Housing and Health

To promote the conditions of health, we have to tackle housing.

 

A recent report from the California Legislative Analyst’s Office, takes note of the housing shortage in California and finds, among other things, that:

  • Between 1980 and 2010 construction of new housing units in LA and San Francisco grew by only 20%, compared to the typical US metro growth of 54%.

  • Even though the metro areas are similar in many respects, Seattle added housing twice as fast as the Bay Area.
  • Rent in LA is 65% above the national average.
  • A 10-percent increase in a metro’s median rent is associated with a 4.5-percent increase in individual commute times.

  • California households are four times more likely to live in crowded housing than the national average.

 

Although the report is about California, similar issues exist in major metropolitan areas around the country.  Seattle may be better off than California cities, but is still not where it needs to be.

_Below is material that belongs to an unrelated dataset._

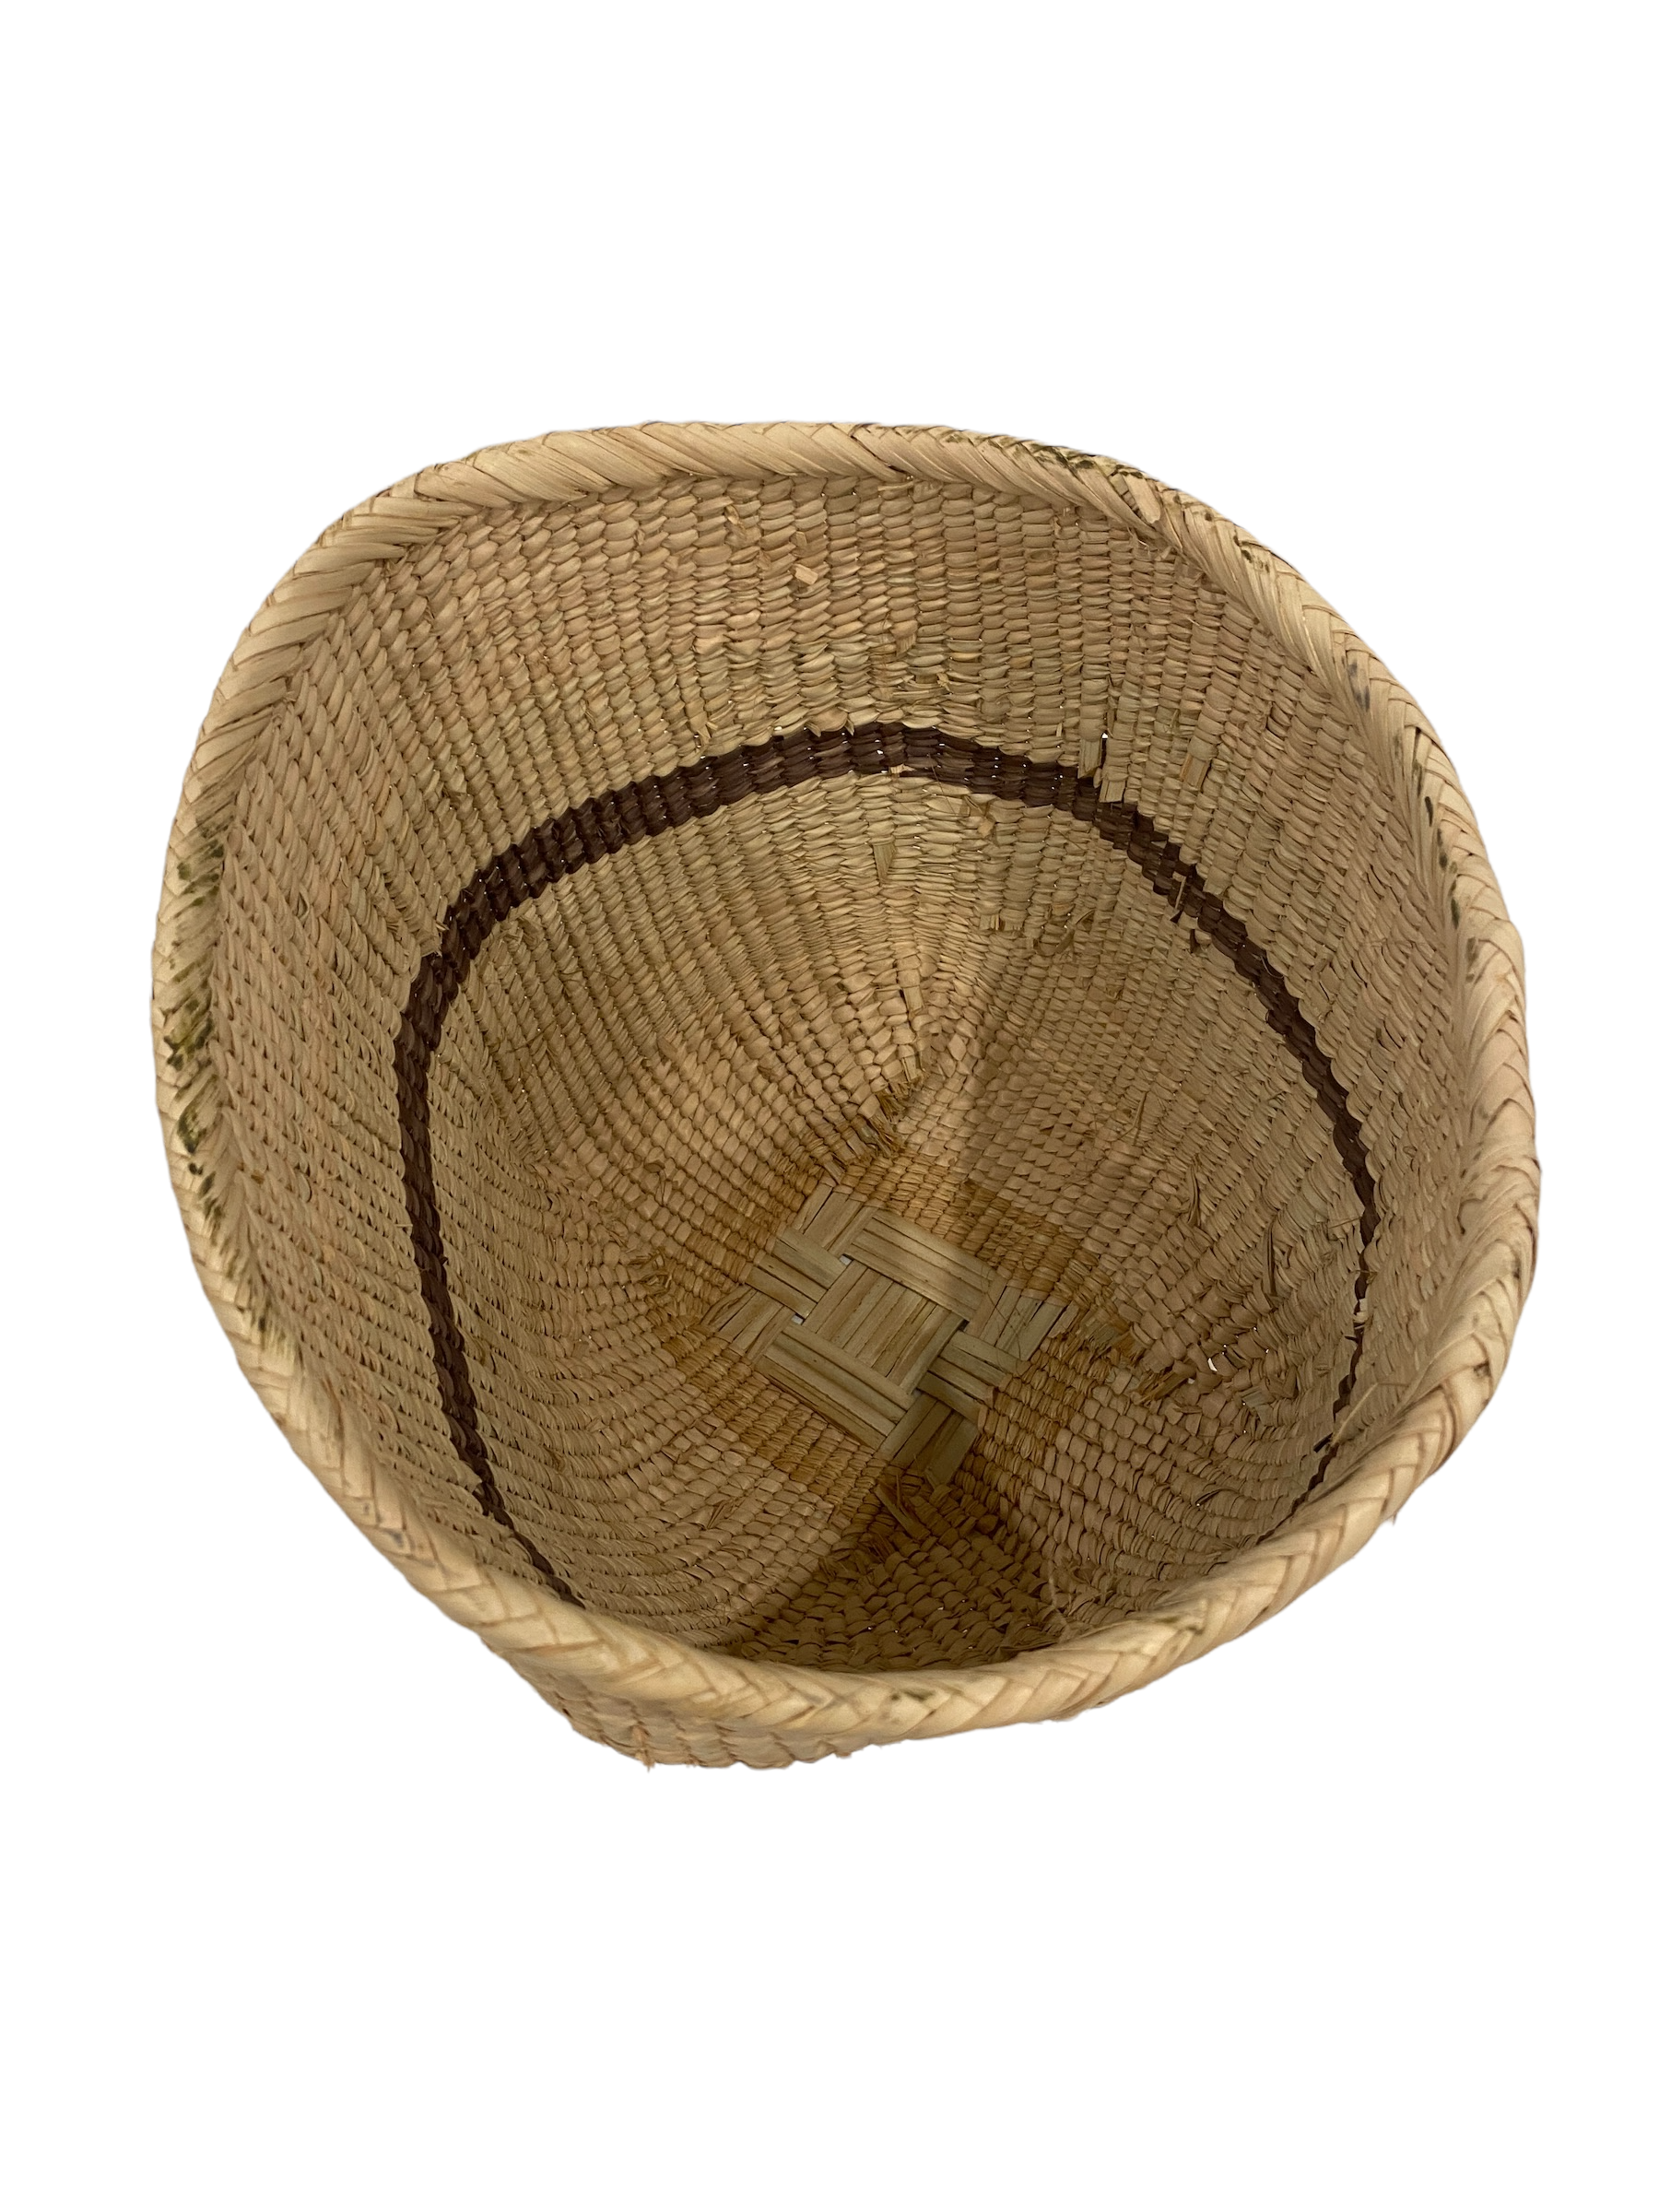 Tonga Basket Pot (6701)

The high cost of housing in many urban areas—especially, but not only in California—increases poverty rates, creates crowding, and lengthens commutes.  All three of these effects impair health.

 

report from the Public Policy Institute of California finds that the high cost of housing in urban California pushes about 7% of residents into poverty who otherwise wouldn’t be there.  That’s a 50% increase in the poverty rate in places like LA, Orange County, San Diego, and the Bay Area.  Wow.

 

And just like all sources of poverty, high housing costs impair education.  A study by Nina Chien and Rashmita Mistry  finds that living in areas with a high cost of living was associated with poor educational outcomes, and that the effects are particularly strong for children in low-income families.

 

Crowding, too, plays a role, by depriving children of space to study, and causing both kids and grownups to lose concentration and sleep.  In a careful analysis that controls for socioeconomic variables, Claudia Solari and Robert Mare find that living in crowded housing impairs school performance as well as physical and mental health.

 

For all of these effects, there is a large evidence base.  As the housing shortage in California and other cities grows more acute every year, public health should fight nimby objections to new housing with evidence about the real harm to population health of doing nothing.  Nimbyism, too, can be toxic.